_What you are asked to do_
Line by line, repeat the material below exactly and skip the images.

_Available data_
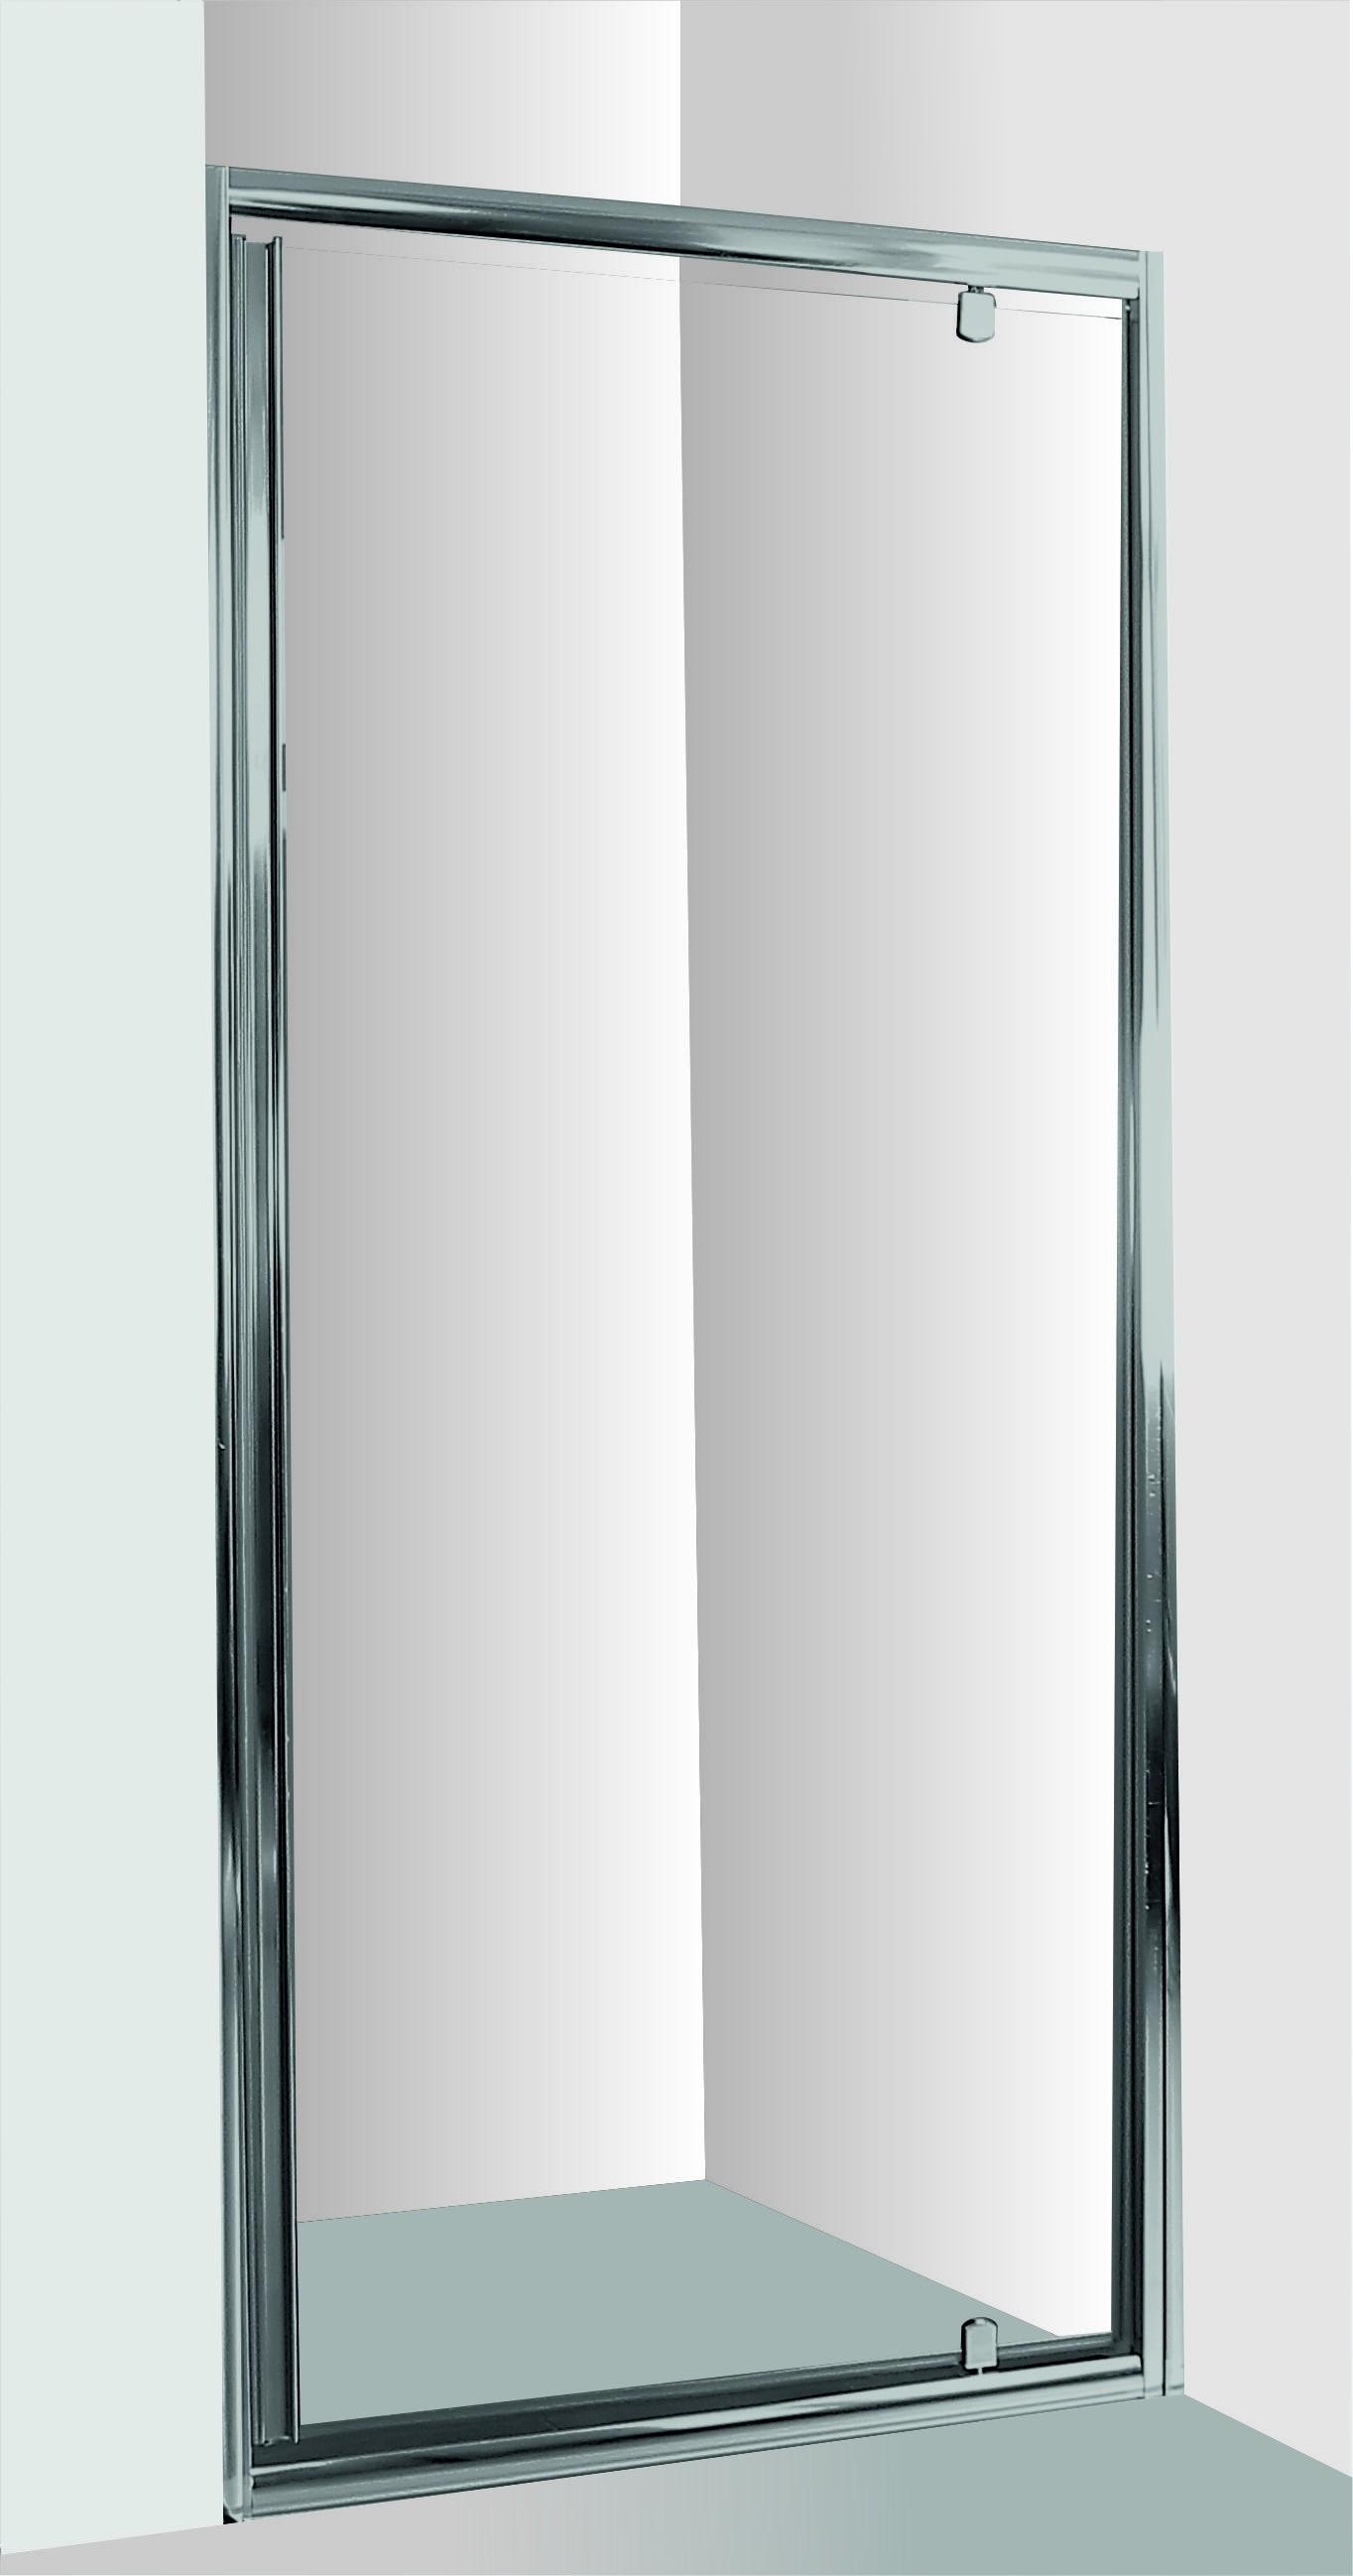 HOPA - Sprchové dvere do niky SMART - alarm - Farba rámu zásteny - Hliník chróm, Rozmer A - 90 cm, Smer zatváranie - Univerzálny Ľavé / Pravé, Výplň - Číre bezpečnostné sklo - 6 mm OLBALA90CCBV
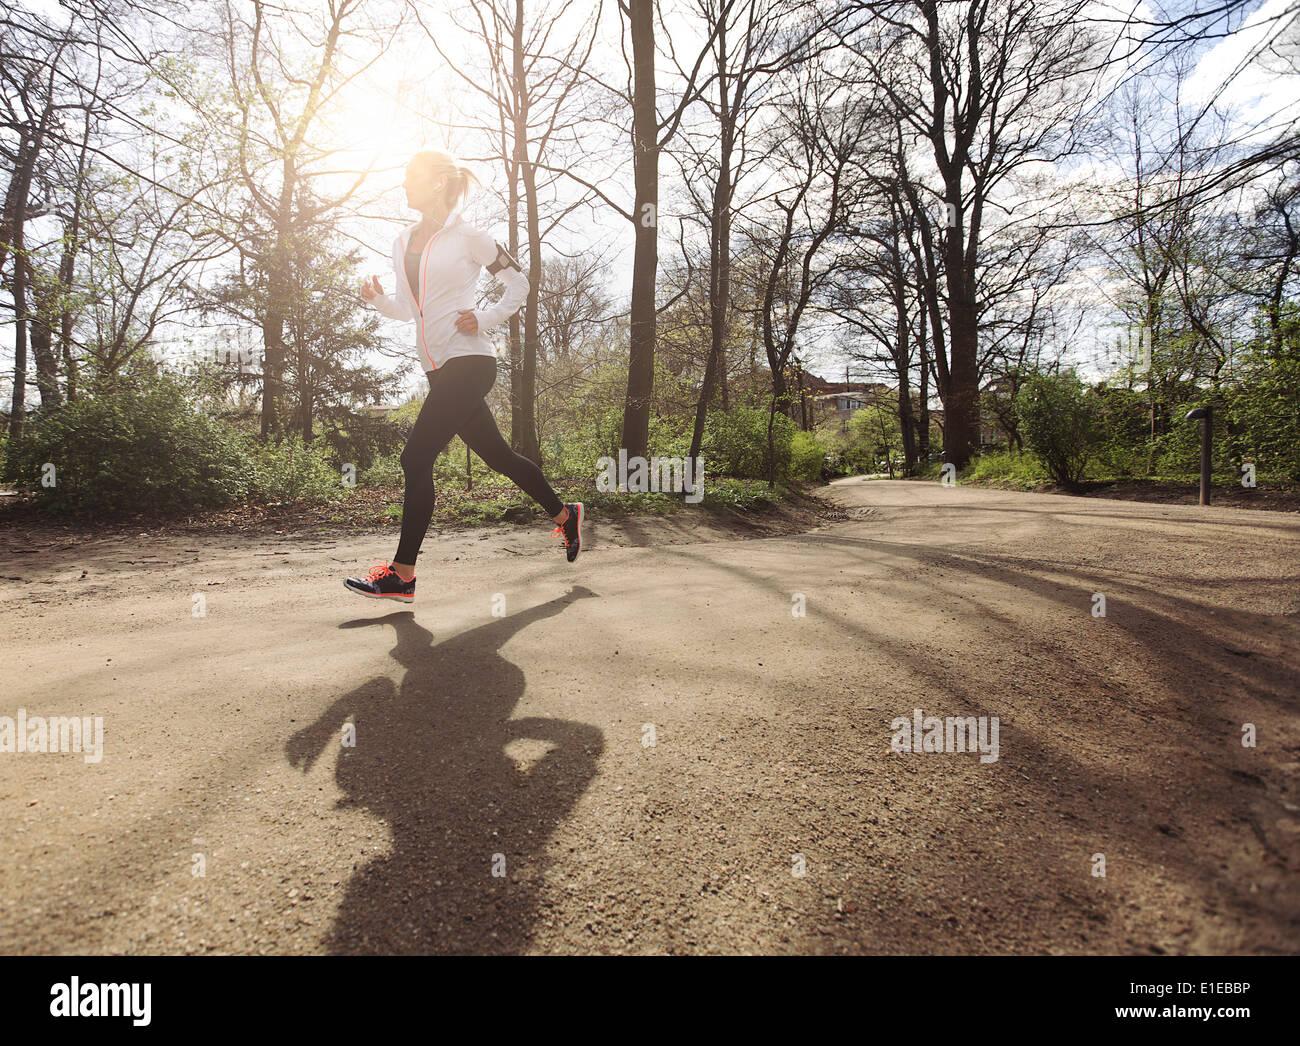 Jeune femme en bonne santé jogging en parc. Modèle féminin de remise en forme d'exécution en forêt. Modèle de remise Banque D'Images
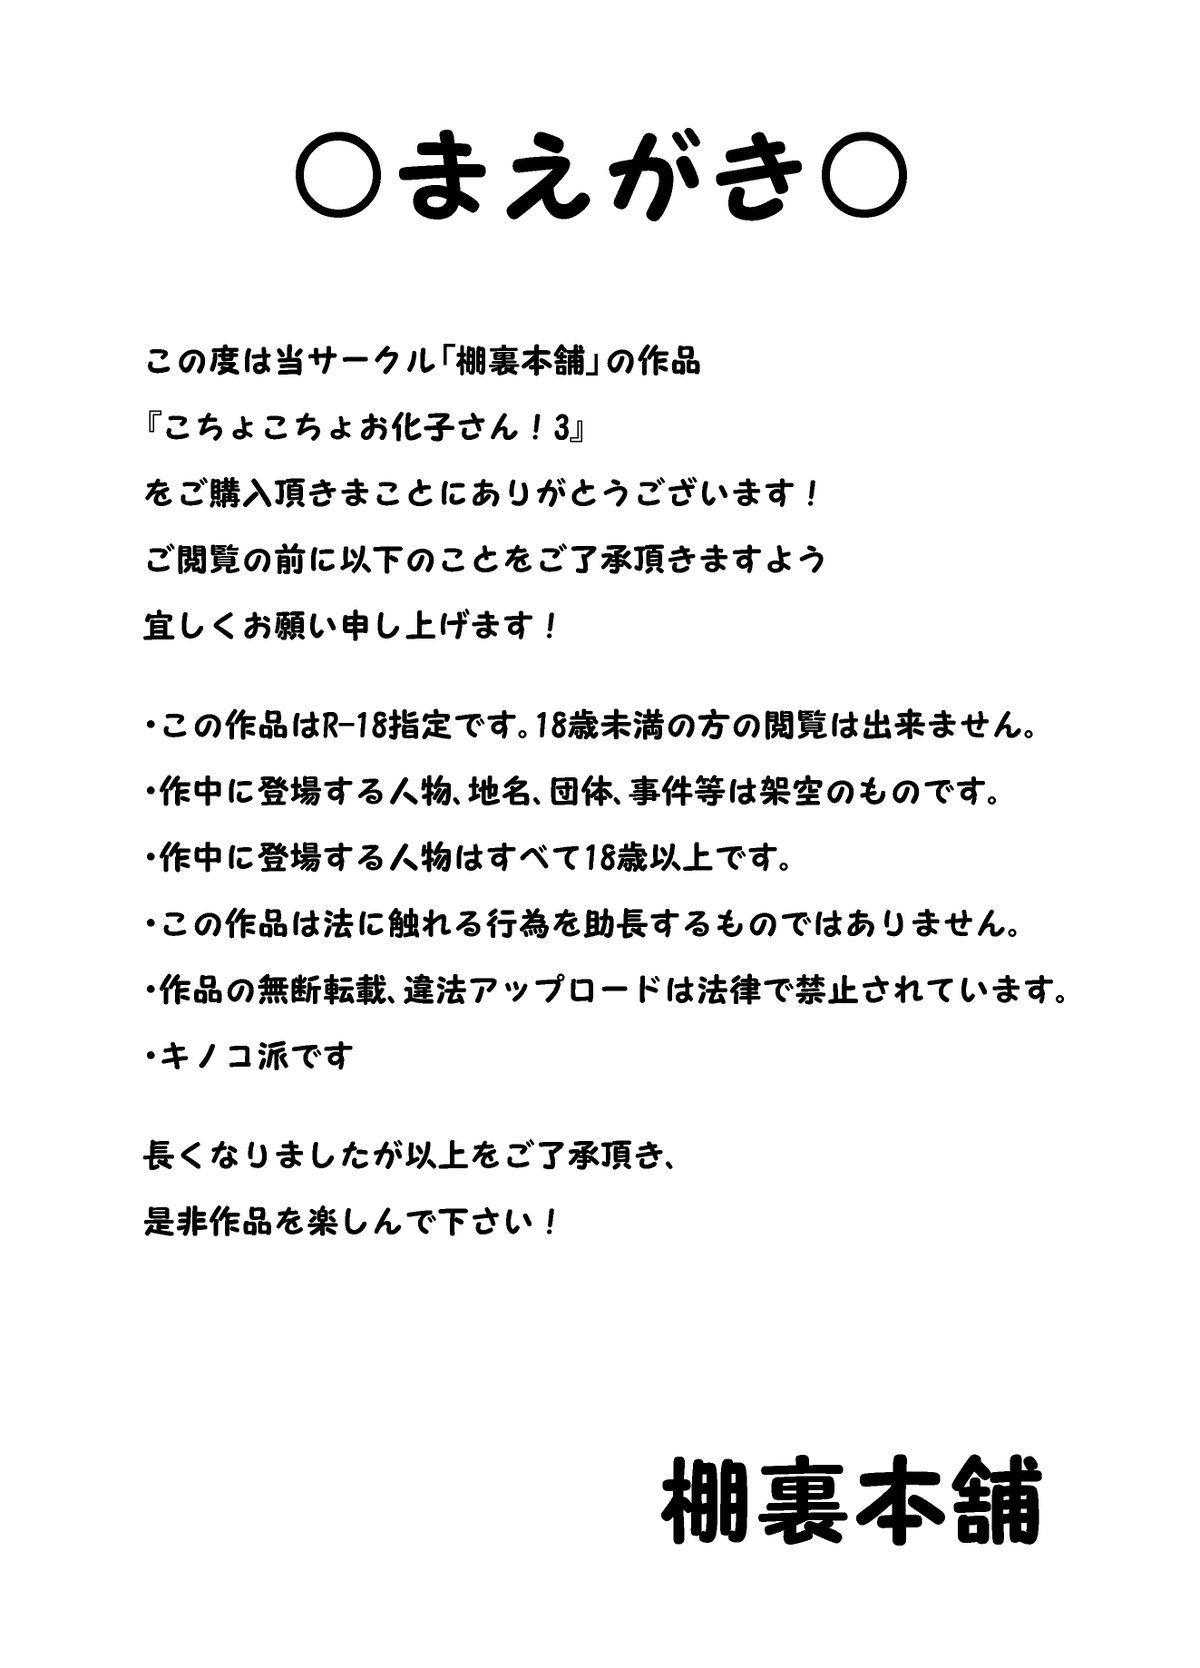 Kochokocho Okako-san! 3 1

_Answer box_
 HOPA - Sprchové dvere do niky SMART - alarm - Farba rámu zásteny - Hliník chróm, Rozmer A - 90 cm, Smer zatváranie - Univerzálny Ľavé / Pravé, Výplň - Číre bezpečnostné sklo - 6 mm OLBALA90CCBV
 Jeune femme en bonne santé jogging en parc. Modèle féminin de remise en forme d'exécution en forêt. Modèle de remise Banque D'Images
 Kochokocho Okako-san! 3 1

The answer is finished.